The answer must consist solely of the lines below starting at the one containing "Samsung Oculus Gear VR headset" and ending at the one containing "Tackling unhealthy lifestyles at the schools", repeated exactly, with both ends included and all pictures omitted.

* SUPPLIED DATA:
* * * * * * * * *

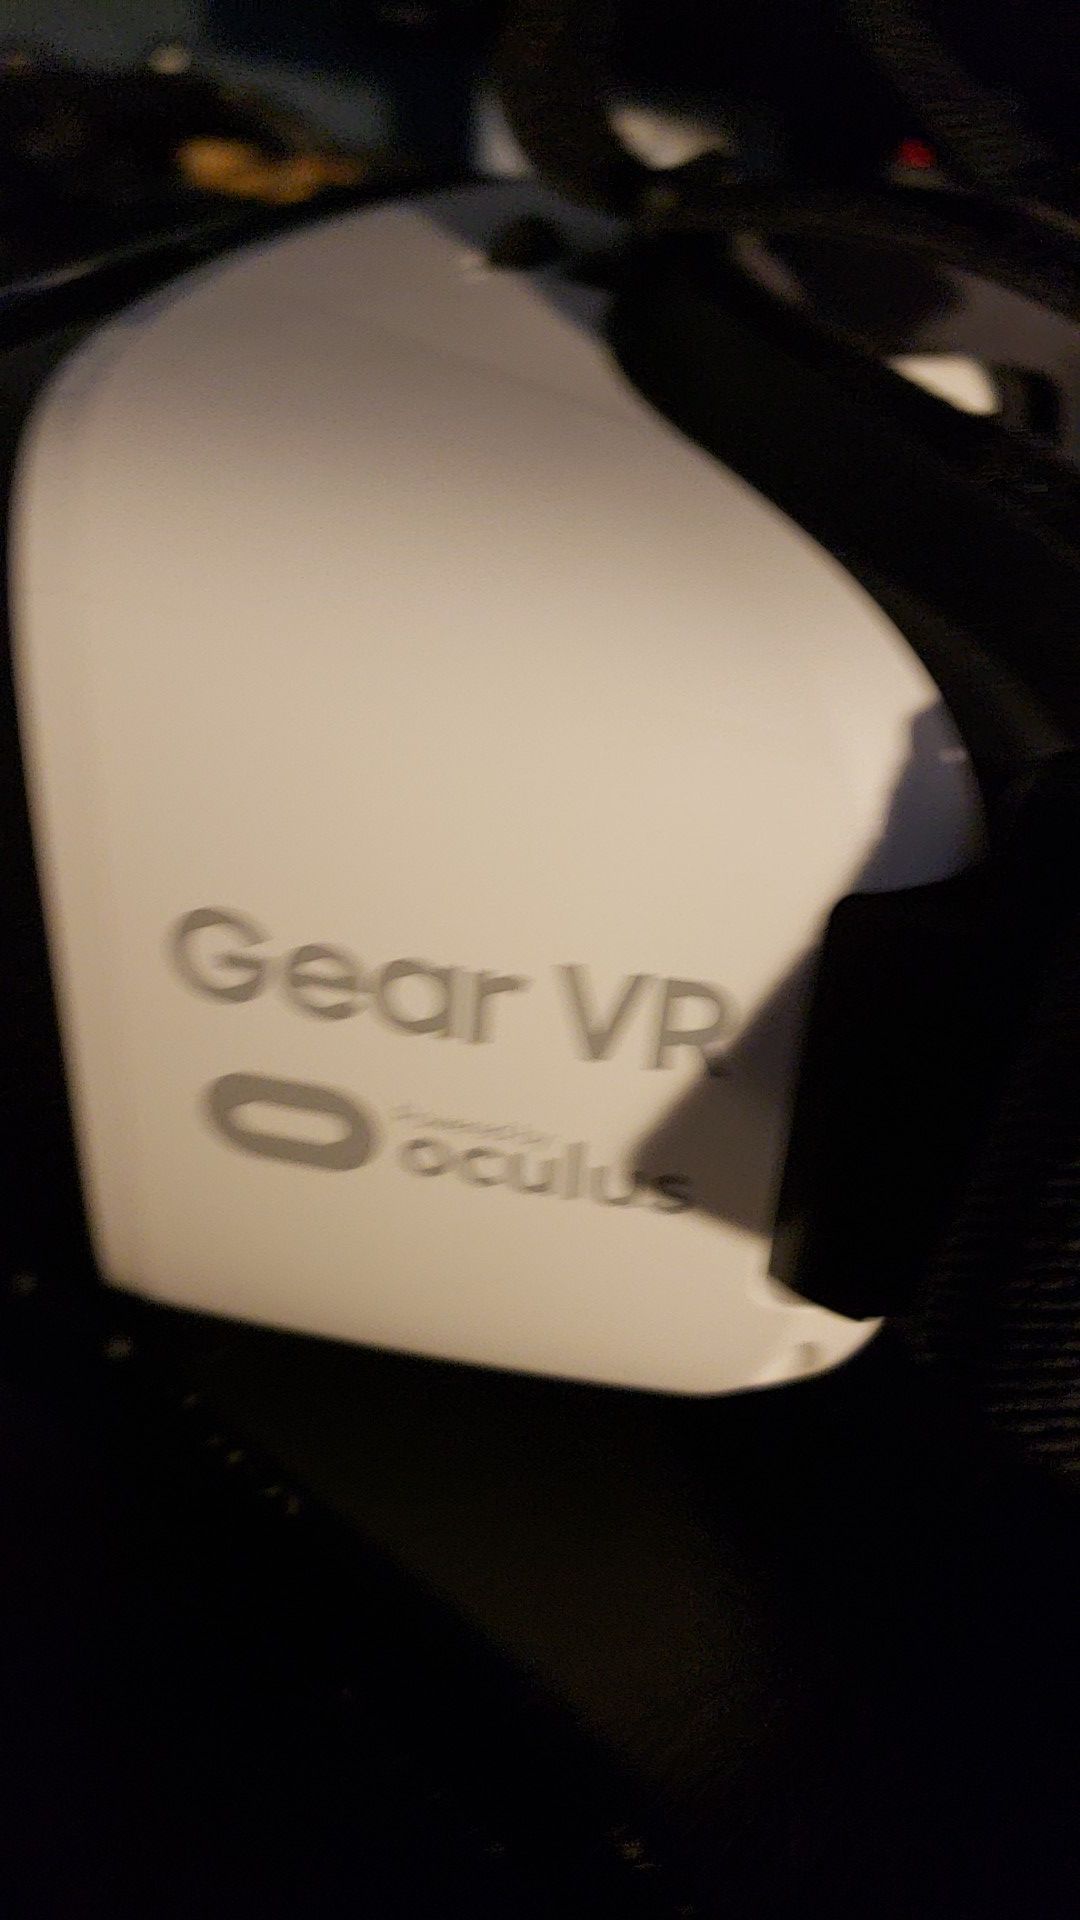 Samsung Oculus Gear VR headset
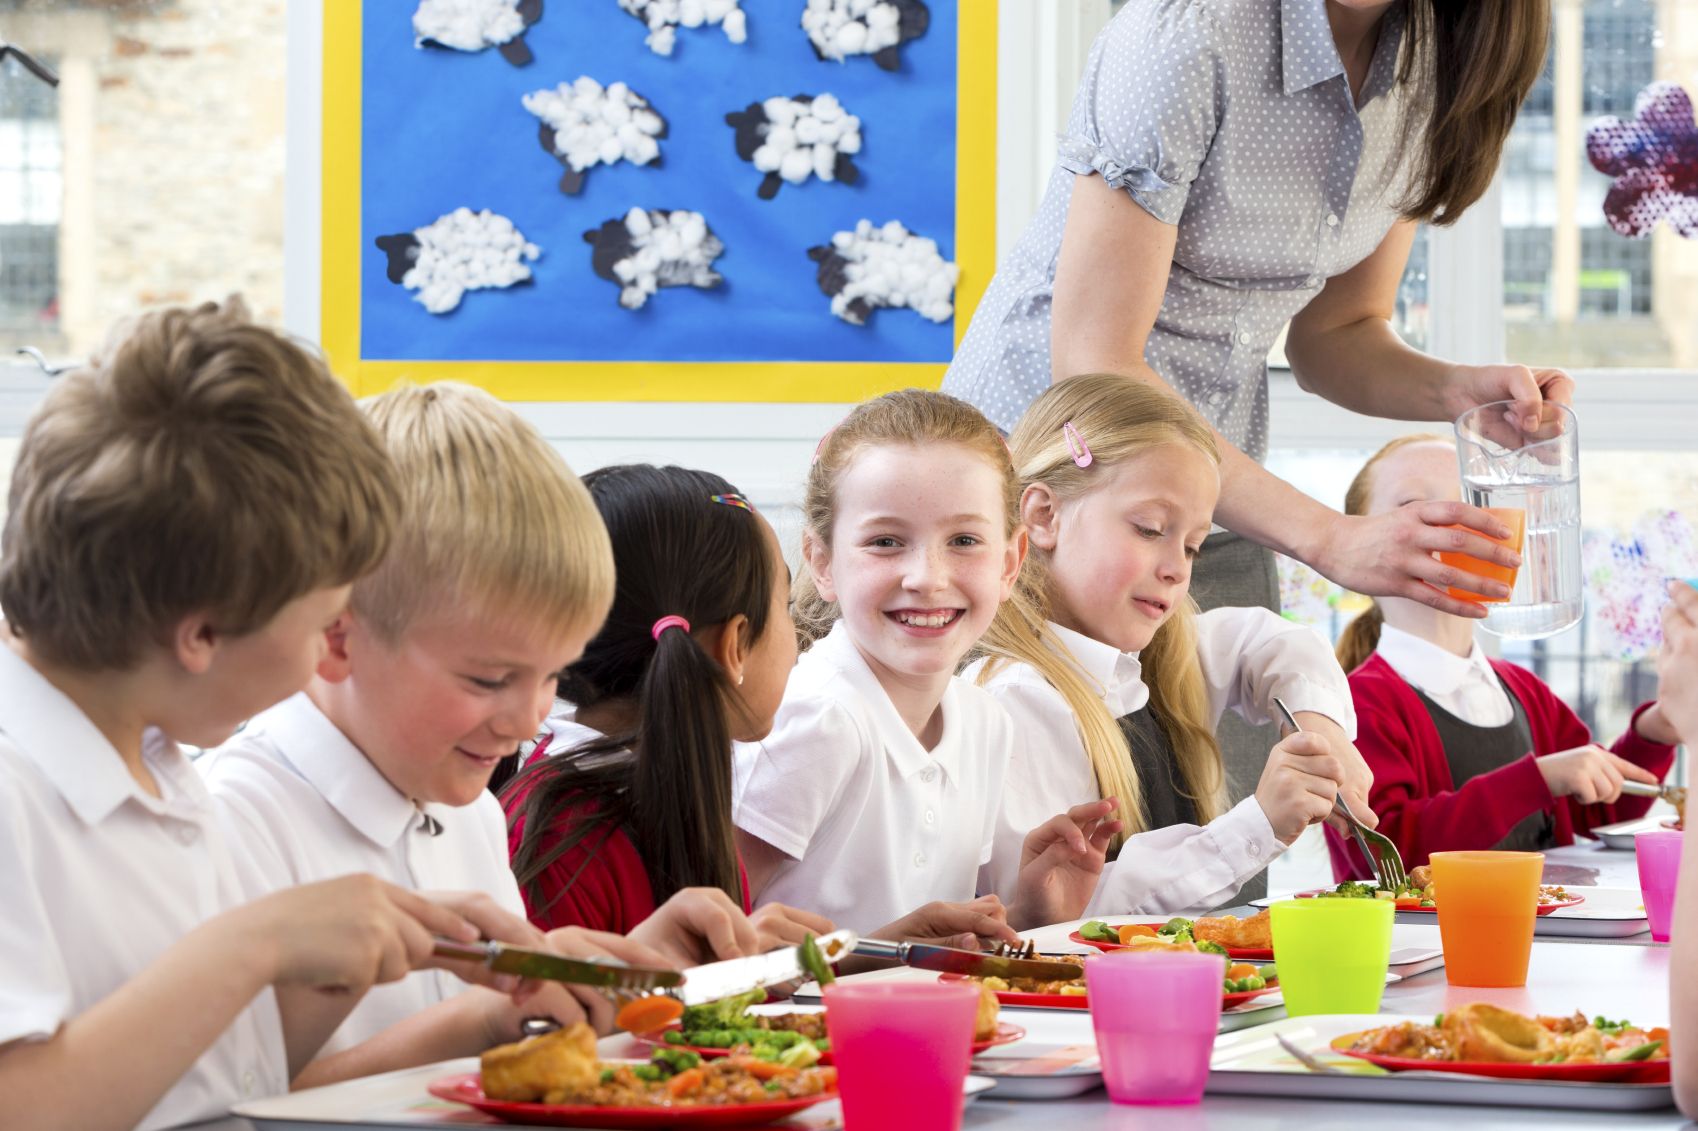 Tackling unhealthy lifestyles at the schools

* * * * * * * * *

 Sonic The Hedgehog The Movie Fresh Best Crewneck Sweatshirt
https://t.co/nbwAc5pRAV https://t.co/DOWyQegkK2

* * * * * * * * *

* OUTPUT OF THE TASK:
 Samsung Oculus Gear VR headset
 Tackling unhealthy lifestyles at the schools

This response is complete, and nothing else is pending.